Jusqu’au primaire, l’école japonaise est le lieu d’apprentissage de la vie en groupe. En maternelle, priorité au développement et à la stimulation de l’enfant : coloriages, origami, chant, danse rythmique et compagnie. À l’entrée du primaire, les enfants savent lire les deux alphabets syllabaires, et attaquent l’apprentissage des savoirs : maths, sciences etc. On cultive aussi la notion d’intérêt collectif : à la cantine, le service est effectué à tour de rôle par les élèves. Ce sont également eux qui se coltinent le ménage des locaux (sanitaires compris), calendrier à l’appui. À côté, effacer le tableau du maître, même quand on est trop petit-e, c’est que dalle.
Le redoublement n’existe pas, ce qui laisse penser que la compétition n’est pas une valeur-phare de l’enseignement primaire. Des sociologues relèvent notamment le grand encadrement des enfants et l’attention portée à chacun d’entre eux, l’envie que chacun réussisse. Avant 12 ans, les cours de rattrapage (ou plutôt d’avance) seraient, d’après François Sabouret, sociologue reconnu, plutôt l’exception que la norme.
L’entrée au collège se fait assez naturellement, mais ensuite, lycée et université sont sur concours d’entrée… C’est là que le bât blesse.
Un parcours stratégique et de longue haleine
Commençons par l’université, qui est l’objectif suprême. Nombreuses au Japon, les universités sont loin de toutes bénéficier de la même aura. Quelques dizaines seulement garantissent l’accès à un emploi de premier plan… d’où la course à la meilleure fac.
La prestigieuse université Tokyo Daigaku (Todai) est au coeur du manga Love Hina
Le problème du concours d’entrée aux grandes universités, c’est que le programme académique, même entièrement digéré, ne permet pas de le réussir : il faut travailler au-delà. Parfois dans une prépa, ou dans un lycée particulièrement prestigieux, lui-même soumis à un concours d’entrée trop exigeant, etc. En gros, pour qu’une famille ait la chance d’envoyer son rejeton (ou sa rejetonne) dans une fac « qui compte », il lui faut avoir une vision stratégique. C’est-à-dire être au bon endroit (souvent vers les grandes villes) pour entrer dans la bonne maternelle, la bonne primaire ; ne pas faillir (booster le niveau du gamin ou de la gamine par des cours du soir à tout-va) et économiser pour payer écoles privées et université (plusieurs milliers d’euros d’inscription par année).
Des sacrifices familiaux qui génèrent une pression un peu lourde sur le dos des enfants et ados.
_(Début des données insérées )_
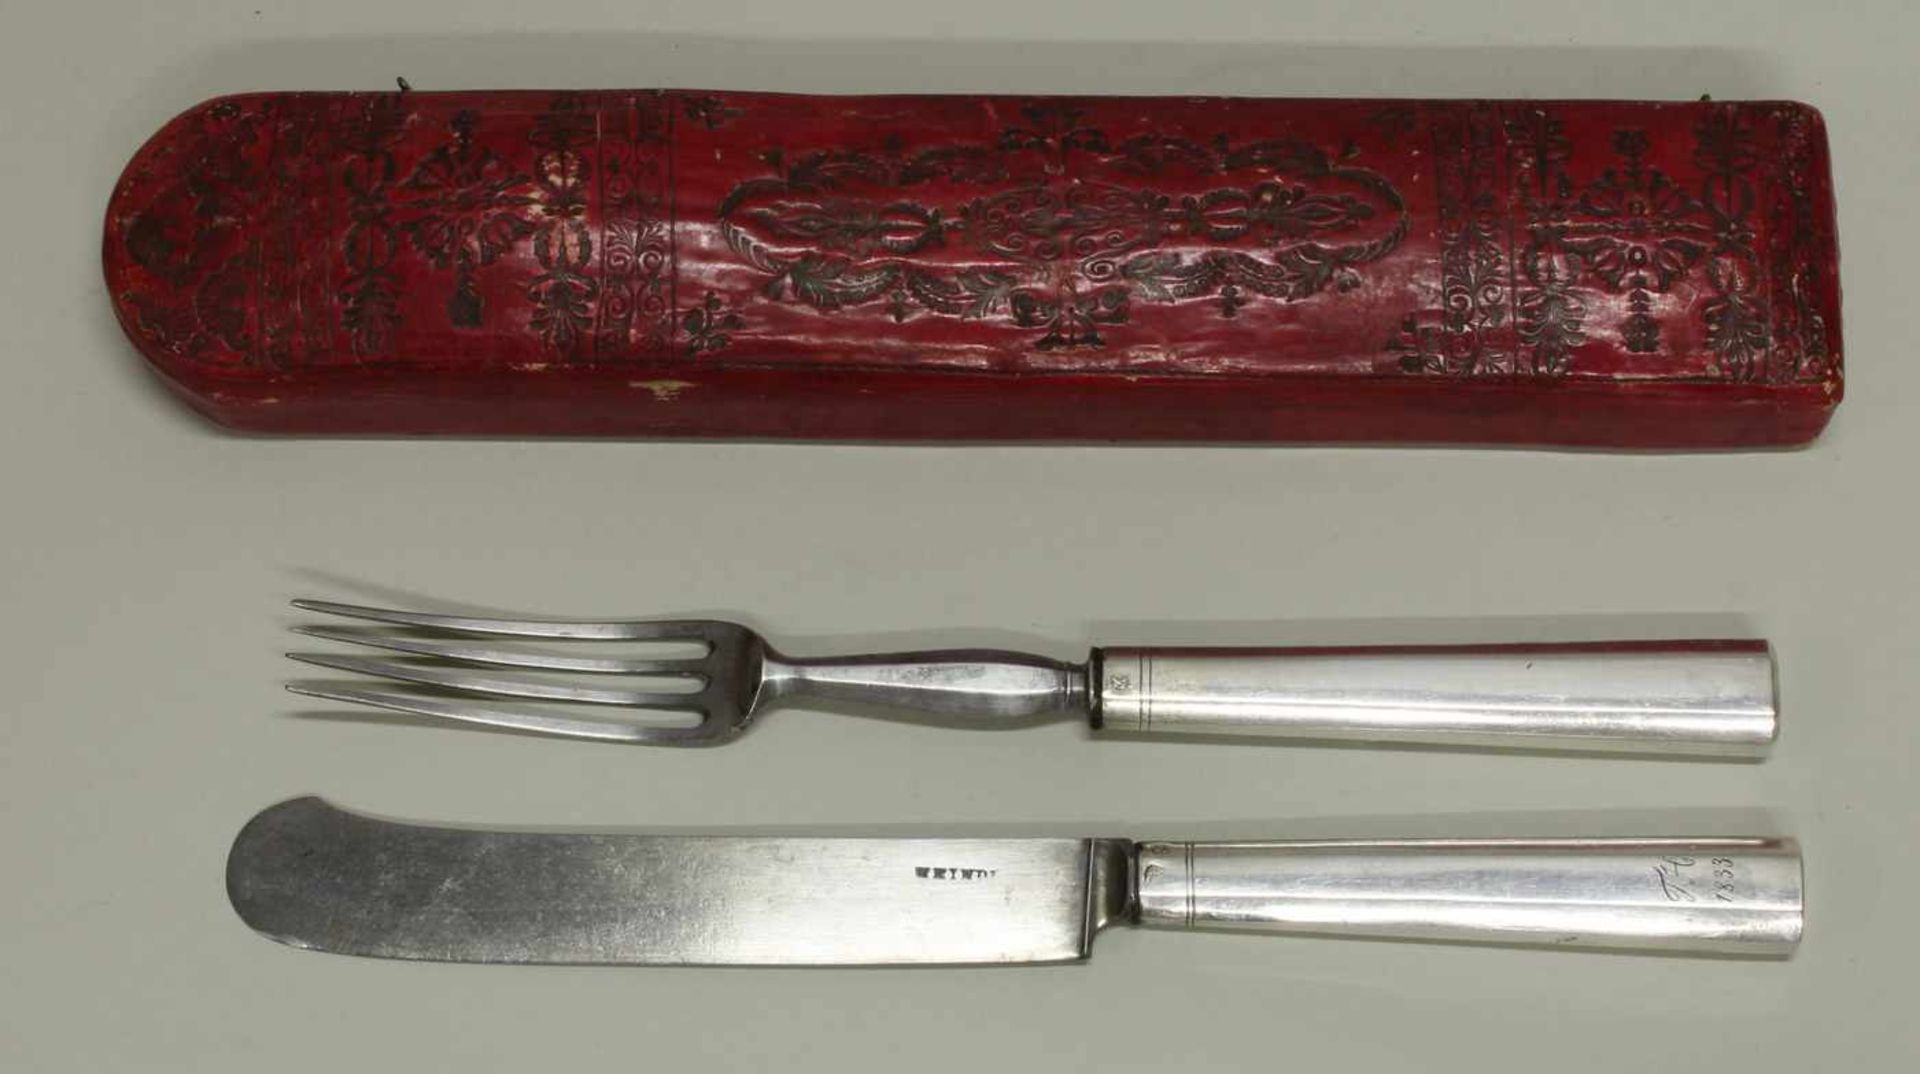 Messer und Gabel, Silber 13-lötig, Lemberg, um 1833, Klinge und Schiff aus Stahl, datierte - Image 2 of 2

Résultat, une étude montrait en 2007 qu’un collégien sur quatre souffrait de dépression.
Alors, pourquoi ne pas se contenter d’être brillant dans une fac de seconde zone ? Eh bien, parce que les exploits scolaires à la fac ne sont pas pris en compte. Au Japon, on prouve ce qu’on vaut en réussissant un concours d’entrée. Une fois qu’on y a mis les pieds, sortir diplômé est presque un dû. Absentéisme massif, laxisme des professeurs, compréhension des parents après tant de labeur… L’université est un temps de liberté et de plaisir, plus qu’un lieu de cours et de stimulation intellectuelle. On y cherche du travail un an à l’avance ; les entreprises s’adressent directement aux universités pour faire leur choix en nouveaux diplômés.
À côté de cette course au concours, le destin ordinaire convient à beaucoup : parcours classique, université moyenne, job passable mais nécessaire. Un itinéraire fréquent mais peu médiatisé.
Les recalés de l’âge adulte
Après deux, quatre (ou huit si on s’arrange) ans de vie foutraque, c’est le monde du travail qui attend les Japonais – et avec lui, le retour à la norme. Une perspective peu réjouissante dans un pays où on commence presque toujours en tant que larbin de son supérieur (l’ancienneté est une valeur-clé dans l’entreprise japonaise), où il est bien vu de ne pas prendre tous ses congés et de passer un temps infini au bureau.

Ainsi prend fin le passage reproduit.